Of course, the genocide of the Amalekites was not the only, nor even the first, genocide that the God of Abraham is recorded to have ordered.

Joshua said unto the people, Shout; for the Lord hath given you the city.

And the city shall be accursed, even it, and all that are therein, to the Lord: only Rahab the harlot shall live, she and all that are with her in the house, because she hid the messengers that we sent...

But all the silver, and gold, and vessels of brass and iron, are consecrated unto the Lord: they shall come into the treasury of the Lord. — source (Bible) Joshua 6:16-19; (Nevi'im) Yehoshua 6:16-19

One prostitute and her household — just one household, out of the whole city — is to be spared.

Do we believe in a god that orders genocides? Do we believe that this is something the numinous, the eternal spirit, might order? Or should we rather see Joshua and Samuel as just another pair of bad-faith actors, each in turn the Netanyahu of his day; Samuel, in particular, seeking to justify his later coup d'état against King Saul?


That's the deep past, of course. Who claims this promised land in the present, and does this dusty myth really support their claims to it?

The Jews

Judaism is at once a religion and an ethnicity. To say that it is a religion is to say the it has a common theology and a common set of religious practices: there are beliefs to which all (religious) Jews adhere, and practices which all (religious) Jews follow. To say that it is an ethnicity is to say that all Jews have a common ancestry, all claiming descent from Abraham. It is tradition in Judaism to practice endogamy; that is to say, for members of the group to marry only other members of the group. But Jewish tradition, perhaps wisely, considers the children of a Jewish woman to be Jewish, whether or not the father was also Jewish; so the ethnicity is at best porous. Consider the closely related Samaritans, who accept into their tradition only those whose parents were both Samaritans, and who today have much more homogeneous genetics than modern Jews.

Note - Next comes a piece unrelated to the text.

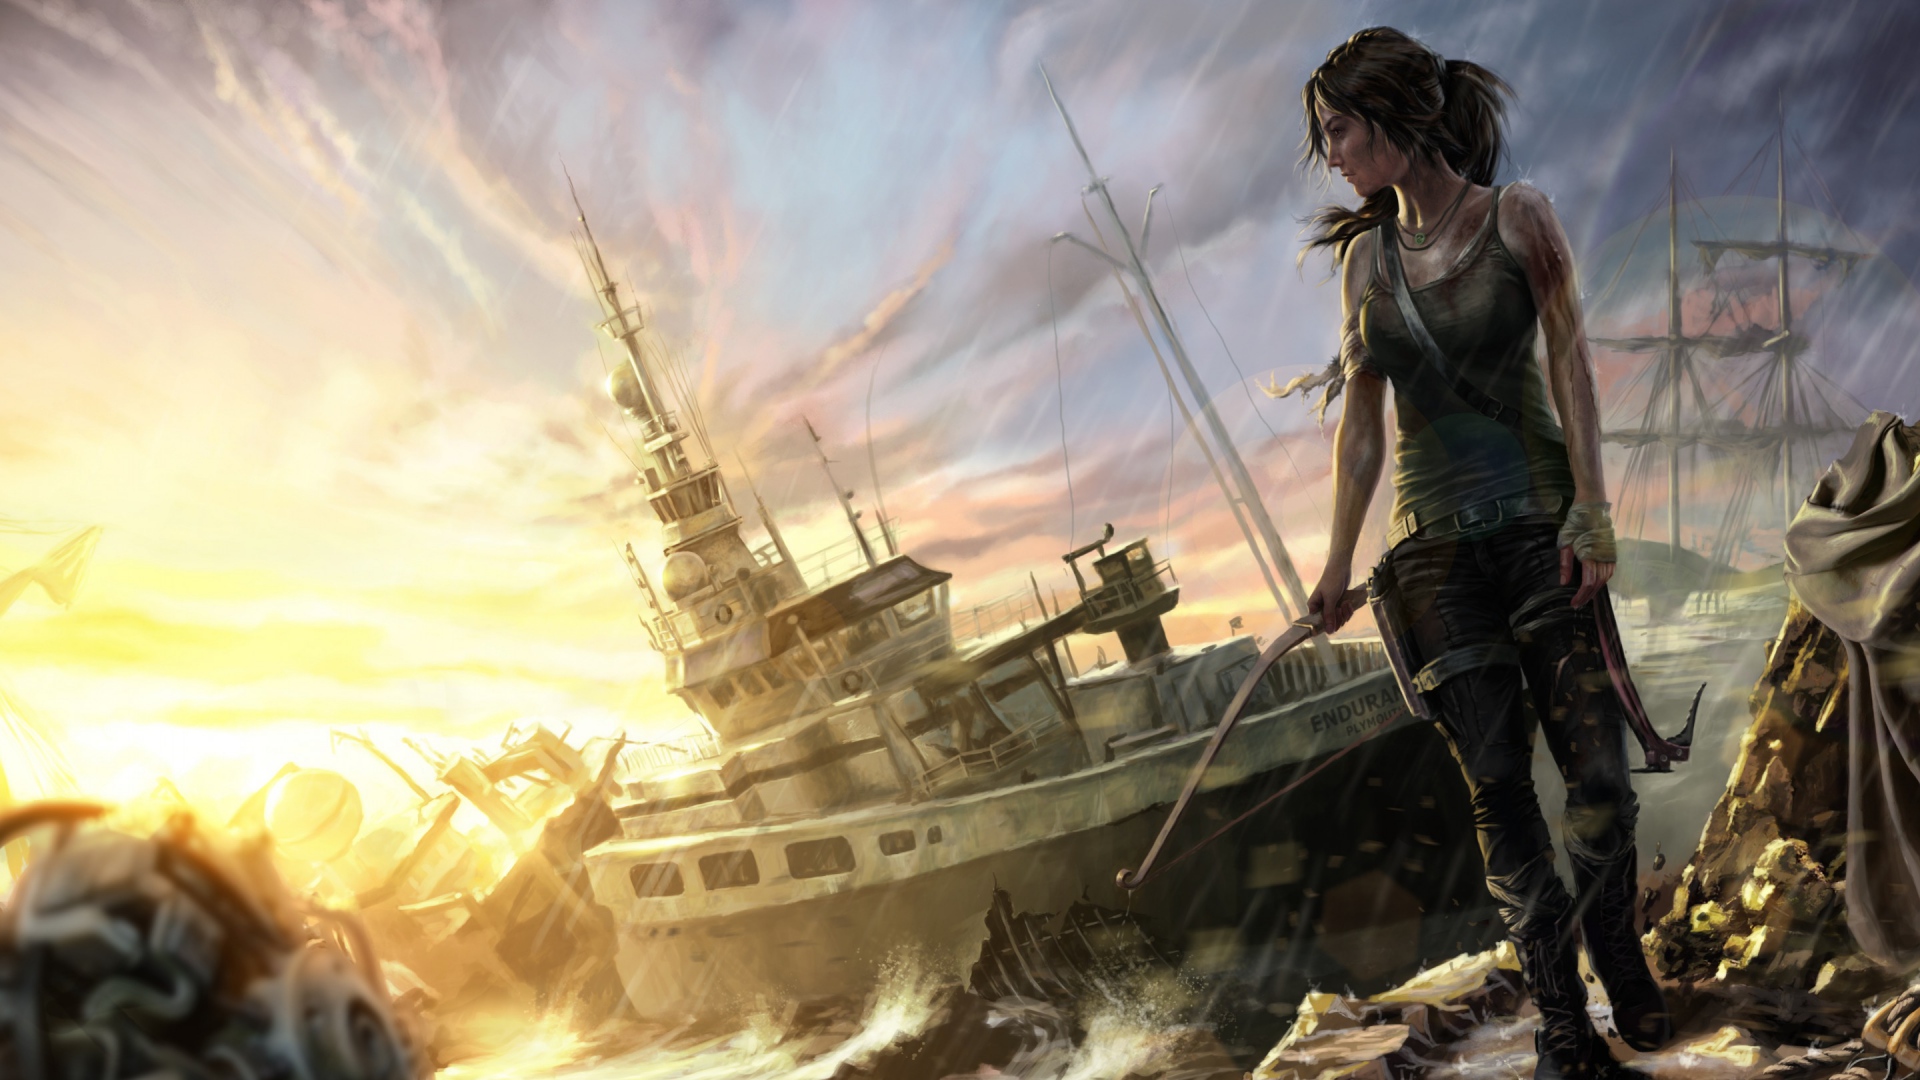 Tomb Raider HD Wallpaper

A person can be a sincere adherent of the Jewish religion — sincerely believing its theology and devoutly adhering to its practices — without being an ethnic Jew; and a person can be able to trace their descent all the way back to the classical Kingdom of Judea without being an adherent of the Jewish religion. It's reasonable to accept people in both these subgroups as being authentic Jews.

Of course, purity of ethnicity is rare, and usually only occurs in stable, isolated populations. People interbreed; even if consensual relationships across ethnic divides are anathematised, rape happens; and few populations, historically, have systematically killed or exiled the children of rape victims. This is as true of Jewish populations as of any others.

The Ashkenazim are a Jewish population with its roots in medieval Germany. Some of its ancestry, as recorded in mitochondrial DNA, is from the classical period eastern Mediterranean, and it is reasonable to suppose that some of this is from the former subjects of the kings of Judea. However, there is evidence through Y-DNA that many of the male ancestors of the Ashkenazim were natives not of the Levant, but of Italy.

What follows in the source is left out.